Kali ini KPK dan Badan Pemeriksaan Keuangan dan Pembangunan (BPKP) kembali mendatangi Kabupaten Brebes, terkait kasus yang sama dengan memanggil sebelas pejabat Brebes yang dilakukan di Mapolres Brebes, Selasa 23 Maret 2010 siang.

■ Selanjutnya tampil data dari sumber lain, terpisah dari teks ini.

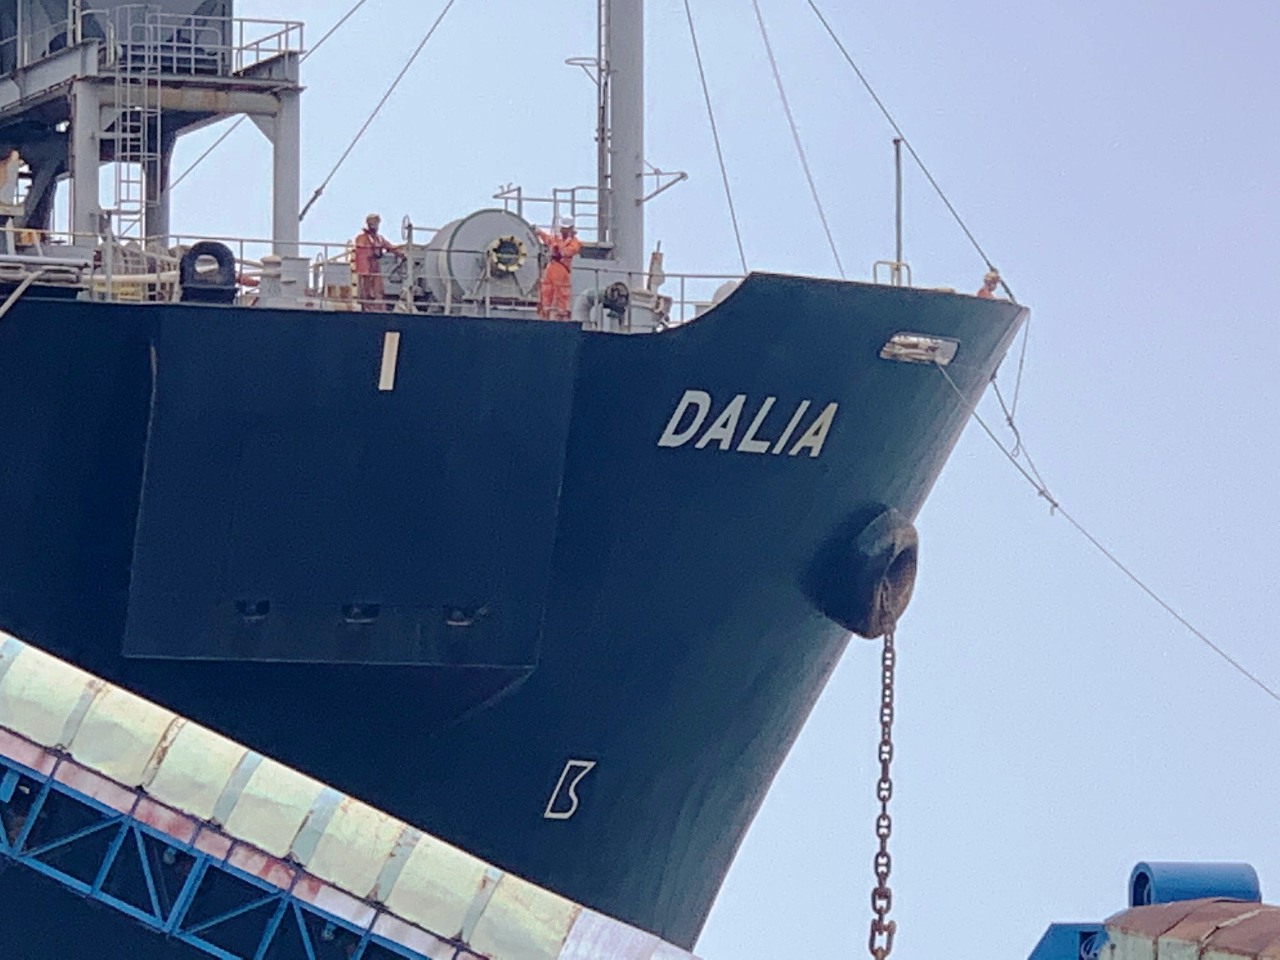 M/V Dalia at Chan May port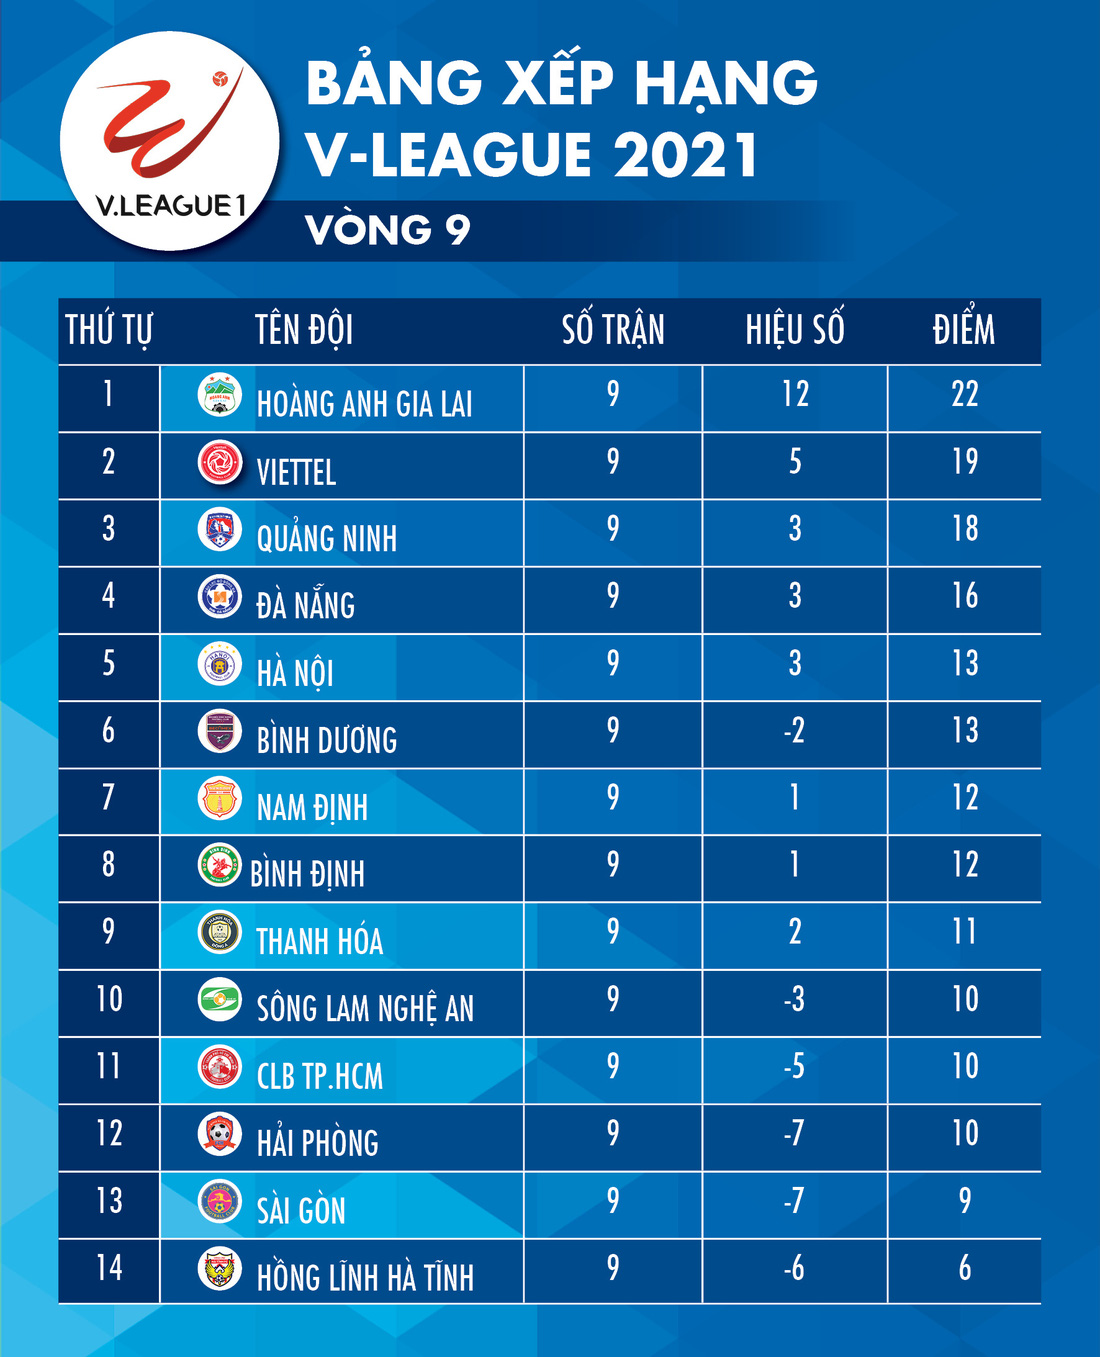 Kết quả, bảng xếp hạng V-League: HAGL số 1, Sài Gòn và CLB TP.HCM trong nhóm nguy hiểm - Ảnh 2.

Kesebelas pejabat Brebes yang diperiksa tersebut diantaranya Asisten 1 Setda Brebes, Supriyono. mantan staf BPKD yang sekarang diganti DPPKAD, Diharso. Pemilik tanah pegadaian, Safrudin. Mantan anggota Komisi A DPRD Brebes, Sukirso. Mantan Asisten 1 Setda Brebes, Karsono. Pemilik tanah Pasar Buah Brebes, Dien Noviani Rahmatika.
Menurut Asisten 1 Setda Brebes, Drs Supriyono, pemeriksaan dilakukan BPKP yang sebelumnya mendapat rekrut dari pihak KPK. Tugas dari BPKP adalah membantu KPK menghitung pembelian tanah yang pada Senin 22 Maret 2010 kemarin telah ditinjaua langsung, yakni tanah yang berada di Desa Banjaratma, Kecamatan Bulakamba, Kabupaten Brebes.
"KPK telah merekrut BPKP untuk membantu menghitung pembelian tanah dan pemeriksaan dilakukan oleh pihak BPKP langsung. KPK berharap agar semua pelayanan masyarakat harus di kedepankan," ujar Supriyono usai pemeriksaan di Mapolres Brebes.
Menyikapi hal tersebut, Koordinator Badan Gerakan Pemberantasan Korupsi (Gebrak) Kabupaten Brebes, Darwanto mengatakan pihaknya mengharapkan kasus korupsi di Brebes segara ditindaklanjuti. Soal kasus pengadaan tanah senilai Rp 11 miliar segera dilakukan penangkapan terhadap pihak-pihak yang terkait. Kemungkinan ada kerugian lain yang menyangkut kasus tanah tersebut.
Darwanto juga berharap agar pemeriksaan yang dilakukan BPKP bersama KPK, akan memperoleh keterangan-keterangan, sehingga akan semakin jelas kerugian negara dan semakin jelas pula kasus ini melibatkan beberapa pejabat eksekutif maupun legislatif.
Ditambahkan Darwanto, dia akan mendatangi KPK untuk mengadakan audiensi yang rencananya berangkat Kamis 25 Maret 2010. Tujuannya untuk mendesak KPK agar kasus Bupati Brebes segera disidangkan dan menetapkan tersangka lain yang terlibat.